Впрочем, выводы сделала галерея, предварившая экспозицию, расположившуюся в трех просторных залах, своим релизом:
«Персональная выставка Дмитрия Лаврентьева «Жёлтая линия судьбы» — это путешествие в метафизический лабиринт, где каждая линия соединяет жизнь и смерть, приглашая зрителя к поиску и открытию своей судьбы. Используя абстрактные формы, линии и цветовые квадраты, Лаврентьев исследует взаимодействие предопределения и свободы, где жёлтая линия становится границей между жизнью и смертью — между бытием и небытием».
Свое мнение добавил и Дмитрий Ранцев, кино- и арт-критик: «Произведения Дмитрия Лаврентьева пронизаны духом свободы, который берёт на себя ответственность за абстрактные формы. Линия, которую он проводит, смелая, чёткая, убедительная, но без особого стремления к артикулированию интерпретационных усилий. «Жёлтая линия судьбы» — это возможность для зрителя осмелиться войти в лабиринт судьбы, отмеченный вечностью со своими законами, и ощутить её неоспоримую силу».
— На открытии, я слышал, был наш знаменитый музыковед, профессор Борис Аврамец. Что он сказал?
— Борис Александрович сказал, что как всегда ново, как всегда аутентично, трали-вали. В общем, как-то так — но нет-нет, мы уже давно с ним дружим, я его всегда зову на выставки, потому что он понимает. И в правильной музыке понимает, и на открытии на винилах играли правильную музыку.

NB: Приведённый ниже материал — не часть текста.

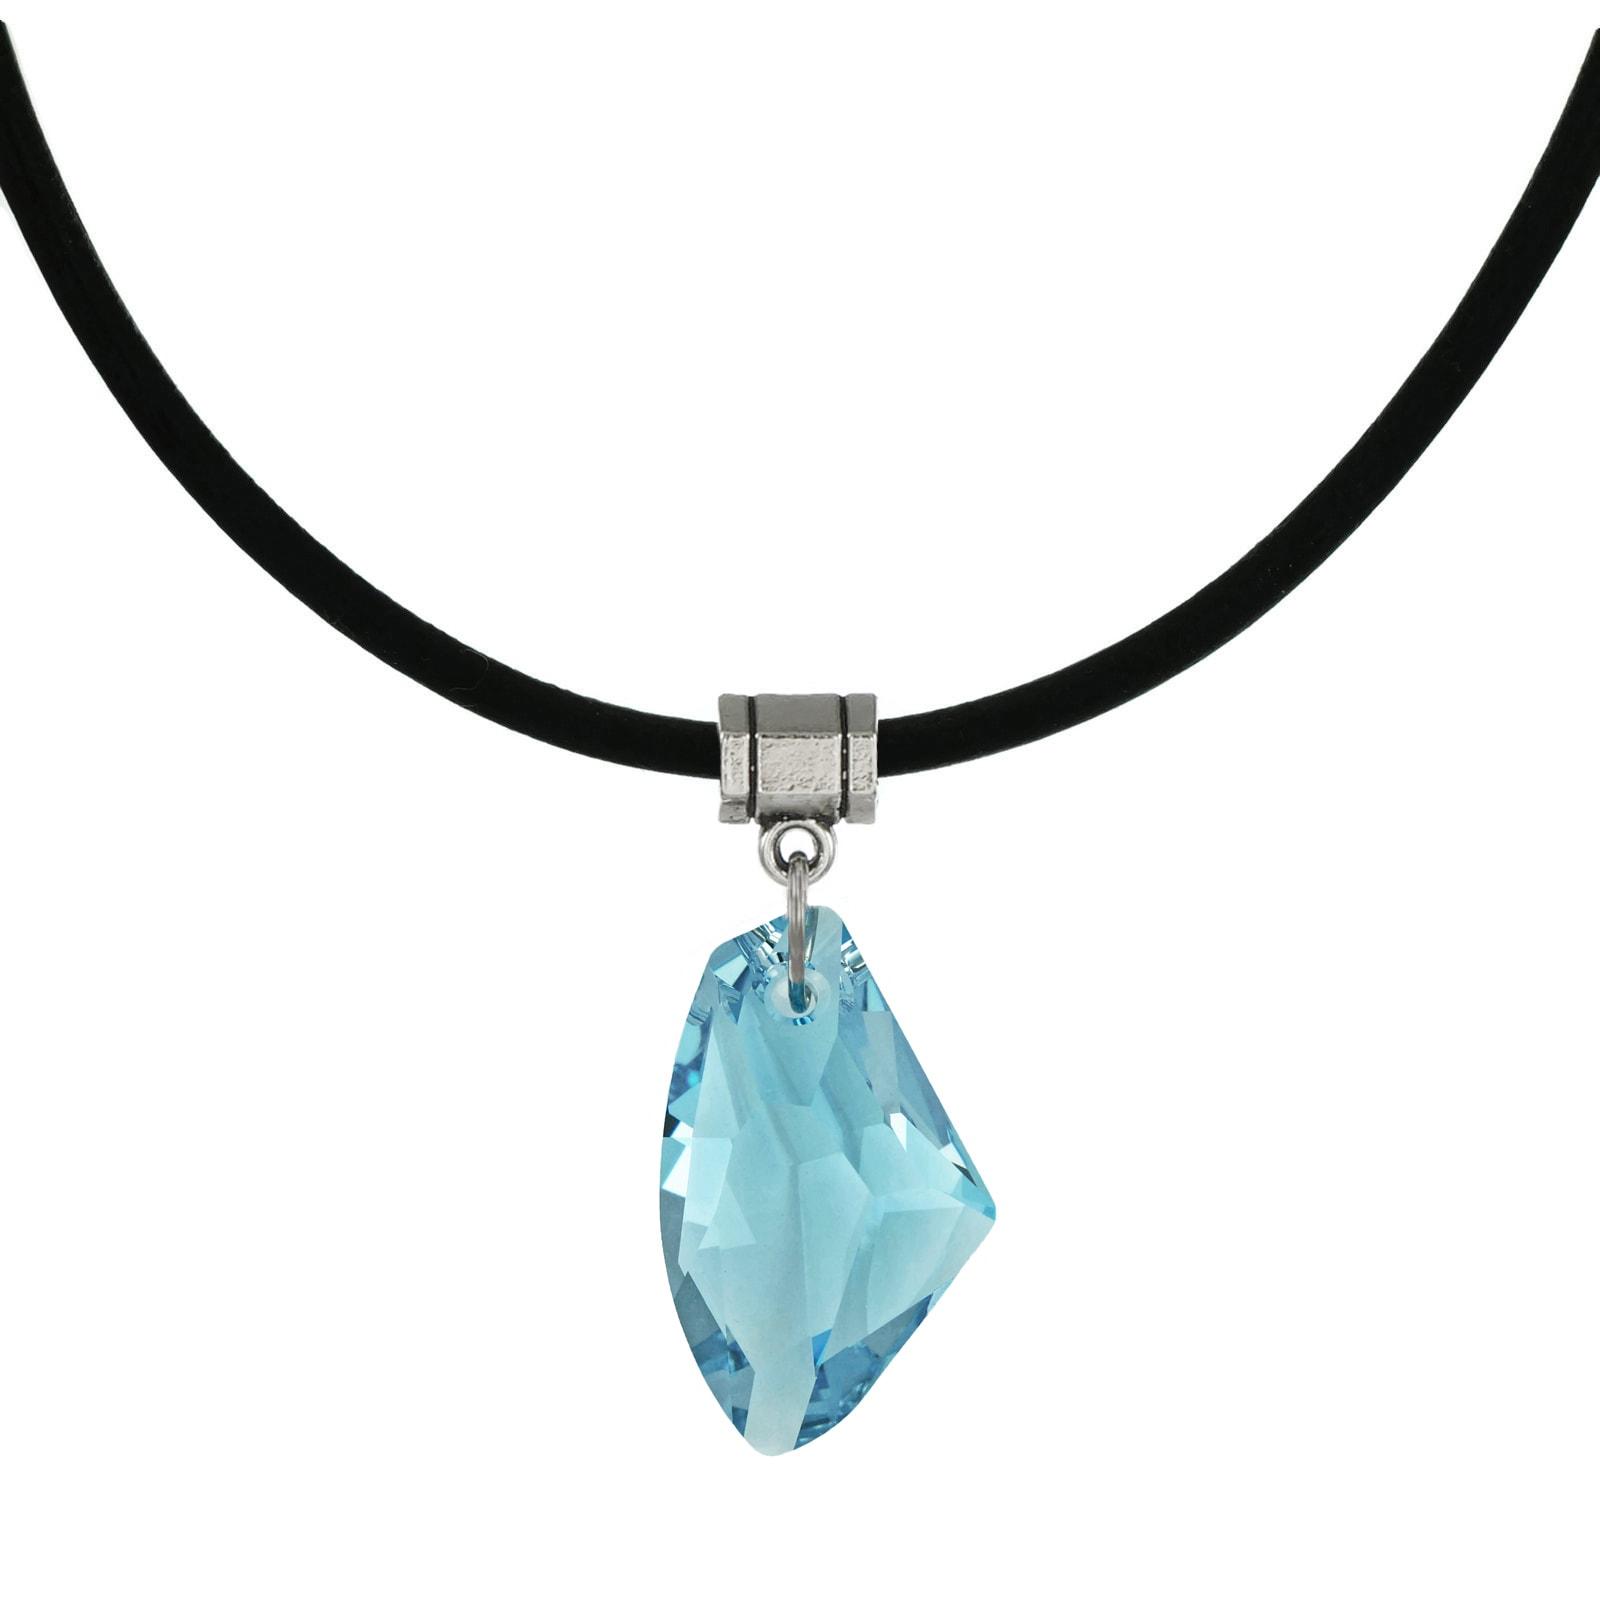 on Black Cord March Aquamarine Crystal Heart Birthstone Pewter Pendant

— Я-то знаю благодаря тридцатилетнему знакомству с тобой, что ты подразумеваешь под понятием «правильная музыка». Объясни это читателям.
— У каждого она своя, правильная. Так же как и выставка у меня называется «Желтая линия судьбы» — она у каждого человека одна, своя линия, понимаешь. Вот, наверное, правильная, может быть, неправильная, да, но своя. Но если говорить о музыке непосредственно, то я люблю Dark Ambient, этническую музыку уже очень долго. И не только. Ты же знаешь, какие у меня приоритеты. Например, музыка Фреда Фриза.
— Помню, как в 1997 году Аврамец, узнав, что у меня собрание дисков, уже штук сто, попросил у меня их список. Ну, там Шнитке, Шостакович… Шнитке взял.
— Но не Белу Бартока, да?
— А это у него давно было… А потом сказал, ой, у тебя есть там какая-то музыка племен бабензеле, возьму послушать… И взял 10 дисков, это было твое влияние «правильной музыки».
— Бабензеле супер, супер, конечно, они потрясающие! А ведь Аврамец защищал докторскую, кажется, по этнической музыке. Так что у него с этим делом все окей. Поэтому ему и нравится, потому что я же тоже такой, понимаешь.
— Меня заинтриговала афиша твоей выставки, там некое этническое существо! Это откуда?
— Дело в том, что Союз художников в прошлом году мне отдал из своей коллекции вазу, которая вот на столе стоит. Этой вазе 20 лет. И она была сделана в Звартаве на симпозиуме фарфора от Союза художников, и я ее у них тогда разрисовал. И так как у них оказалось две… Они, видно, делали какую-то там ревизию или что-то в этом роде. И просто-напросто позвонили, сказали — не хотите забрать вазу? С удовольствием! Купил коробку конфет, отдал и забрал свою вазу, почему нет? Здорово. А вот дизайнеры галереи, как раз-таки, когда делали плакат, им, видимо, понравился очень этот персонаж. Это «Девочка-груша».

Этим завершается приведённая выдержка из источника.